Option 3: Targeting and measuring success via anonymized profile data
Manufacturers are generally not in direct contact with the end customer in the traditional B2C supply chain. So unless they have established a direct sales channel, their opportunities to collect genuine data about the actual users of their products are limited. Despite this, manufacturers have a keen interest in the opinions of their target group. After all, it’s extremely difficult to arrive at a final verdict on the success of a new product or advertising measure without the necessary data.
Retailers, in contrast, are in direct contact with the end customer and have developed various ways of collecting data and better understanding consumer needs. Thanks to customers’ activities online, or the use of customer cards in physical stores, retailers can follow purchasing decision processes and behaviors of individual customers, giving them very reliable data that manufacturers lack.
Retailers have come to realize that their treasure trove of data is of priceless value not only for them, but also for their suppliers, and have developed mutually advantageous ways to share it. For example, Albertsons offers CPG partners an opportunity to measure online advertising success by means of anonymized data from its in-house loyalty program.
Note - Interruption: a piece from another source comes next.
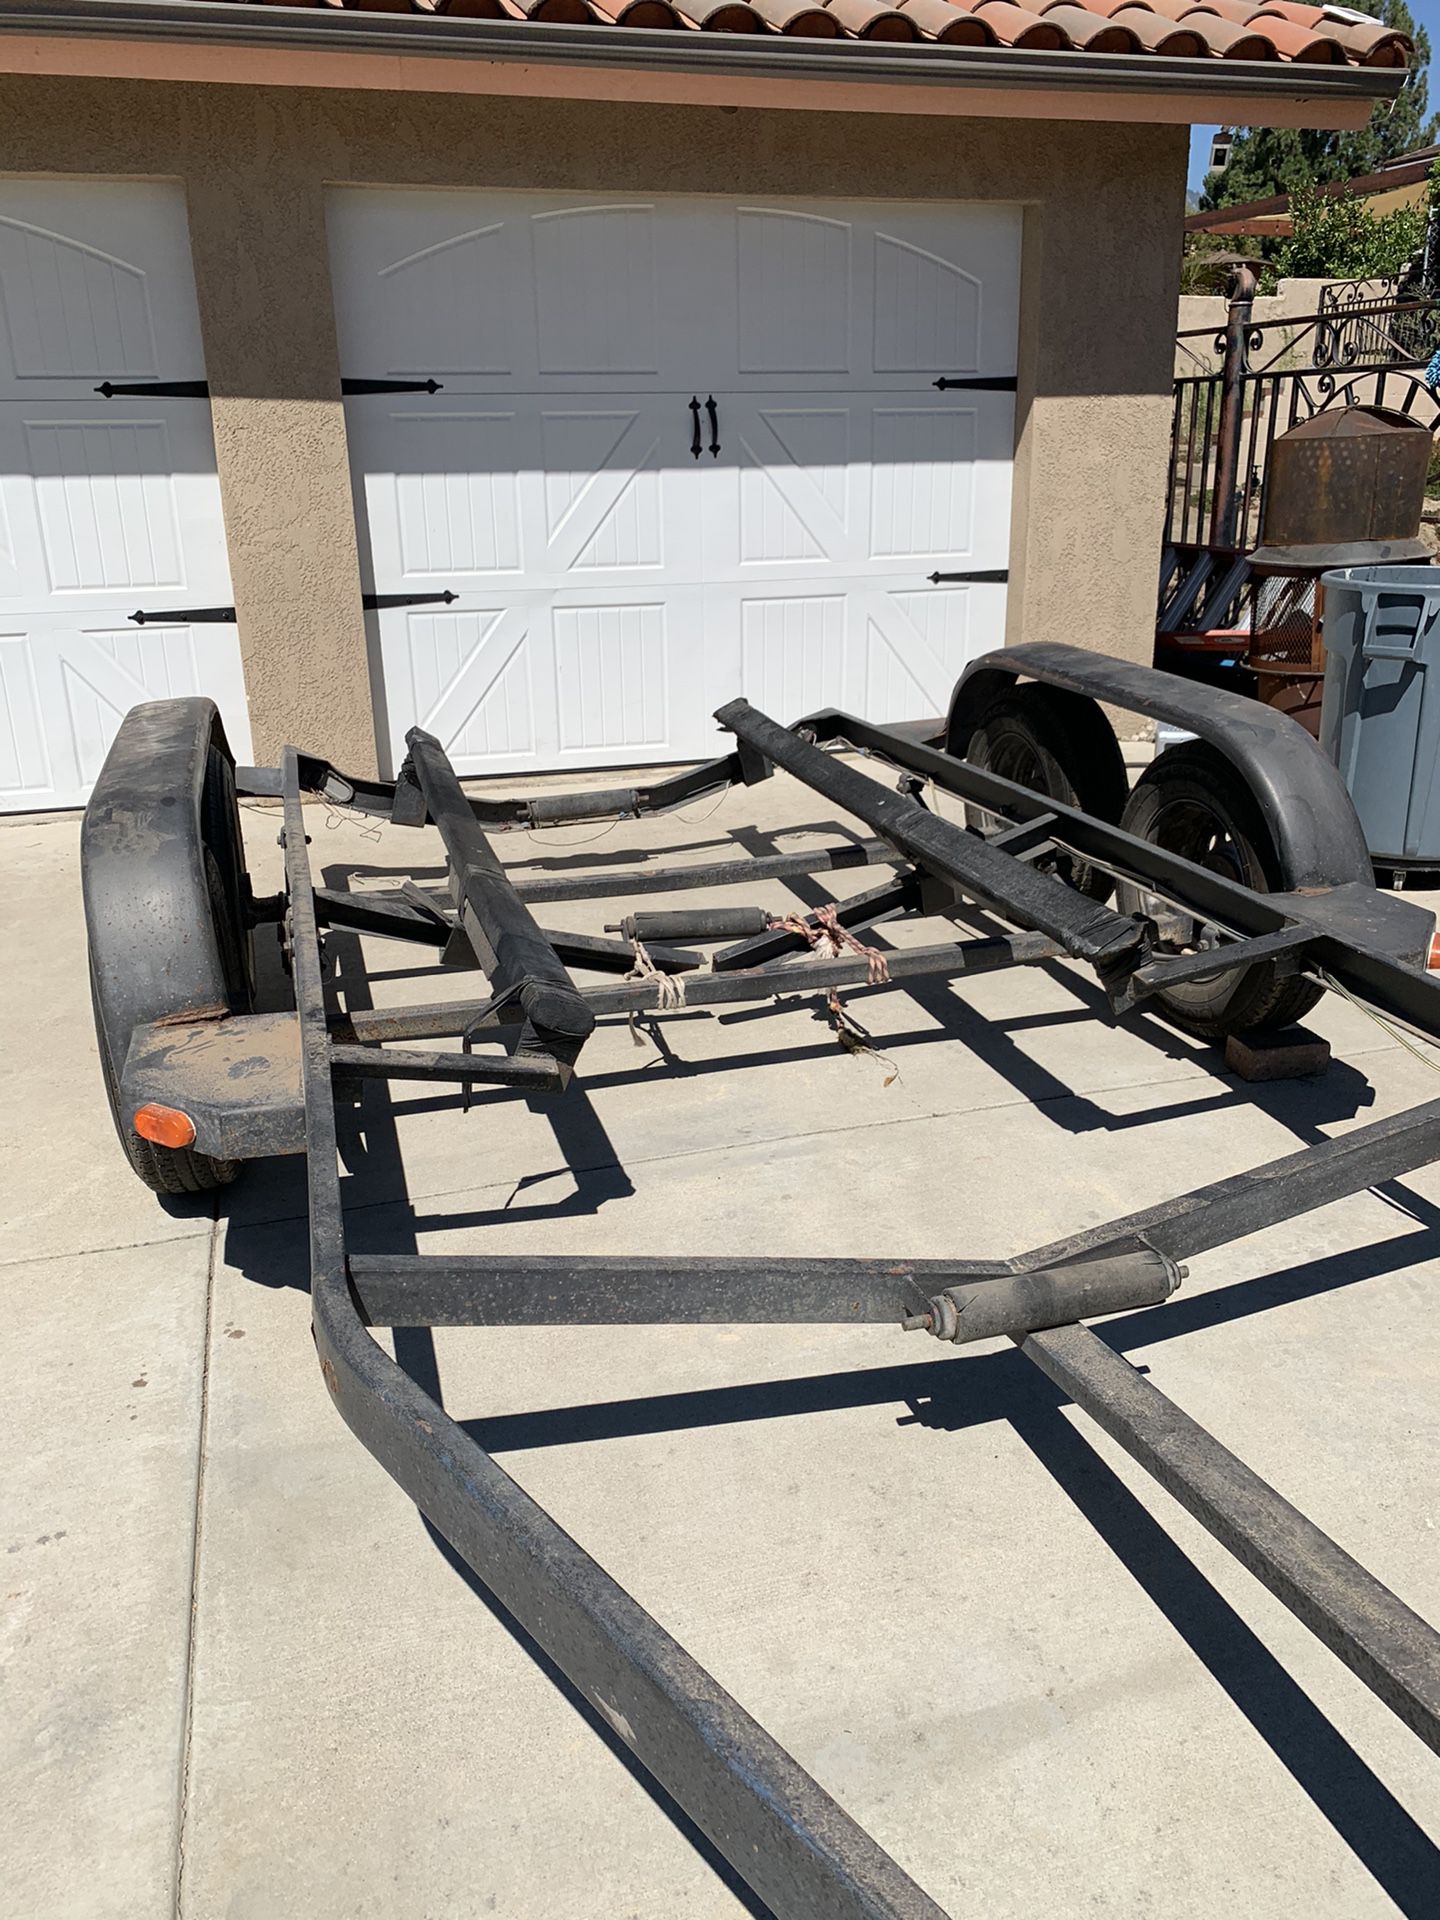 Boat trailer for almost free

That involves a three-stage process. By means of existing data, a target group is defined then targeted in an advertising campaign with a call to action like a voucher for the online shop or nearest physical store. Success of the advertising measure can be measured on the basis of genuine data by knowing what customers actually purchase in the online shop or with their customer card. In this way, retailers can help their suppliers use their advertising budget more efficiently.
CPG + food retailers = the future of grocery
Food retailers face greater challenges than retailers in other product categories when it comes to digitizing their business model. The discrepancy between low margins and high process costs makes it almost impossible for many companies to build a profitable online grocery business.
Developing cooperation models with CPG manufacturers provides an opportunity to earn revenue from selling products AND attention, thereby allowing retailers to significantly lower the profitability hurdle, and maybe even clear it!